The Secularization of M. Mouse

Mickey Mouse and I are contemporaries. We came into the world at about the same time, a little more than a half-century ago.

I enjoyed Mickey and the Gang as much as any child, but the Mouse was never a part of the Christian nurture that I received from my parents. On the other hand, I never sensed that Mickey, Minnie, Goofy, Donald, and the other fantasy folk who inhabited the Enchanted Kingdom were incompatible with my Christian faith and values. I guess that is why I now find it so troubling to discover that Mickey has become a stubborn secularist rodent.

Oh, I was aware that after Walt’s death the Magic Kingdom had been transformed into an aggressive, multinational corporate conglomerate, which achieved phenomenal financial success when the new corporate honchos tossed aside the innocence of Walt’s G-rated family films to break box-office records with more “mature” movies, which, they admitted, would surely have made the Old Man’s moustache bristle. None of that, however, prepared me for the hard-core secularism of the new Mickey.

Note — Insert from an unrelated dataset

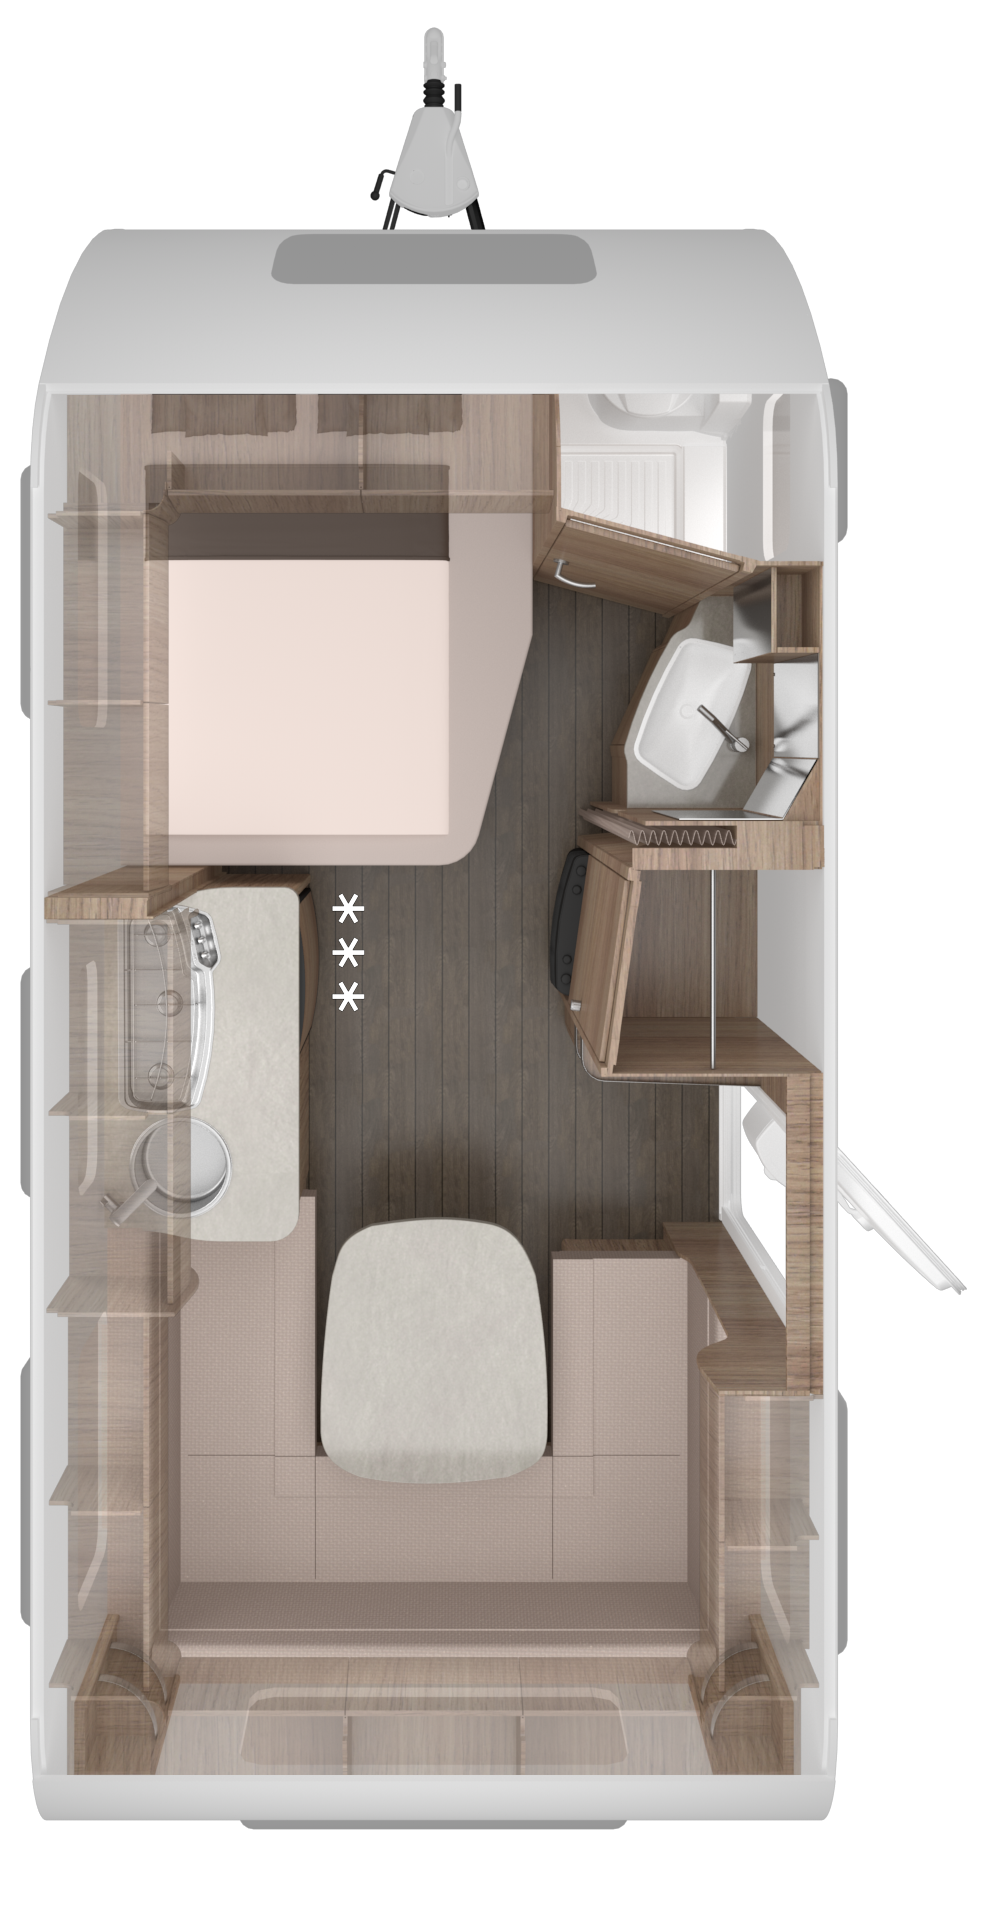 Astonishing Knaus Sport Silver Selection Caravan Centrum Meerkerk Unemploymentrelief Wooden Chair Designs For Living Room Unemploymentrelieforg

I first recognized Mickey’s secular world view last September when I received a letter on the Mouse’s stationery from Richard A. Nunis, the president of Walt Disney Attractions. Mr. Nunis wrote to me and other college presidents to solicit help in an ambitious Disney project to select the “Person of the Century.” We were asked to nominate in eight categories the top five people “who have had the greatest impact on the 20th Century.”

All through the nineties, persons attending EPCOT Center will be polled in this effort to identify the “Person of the Century.” Polling will also be done at other sites, presumably including the Disney theme parks in California, France, and Japan. Mr. Nunis confidently expects that one billion ballots will be cast.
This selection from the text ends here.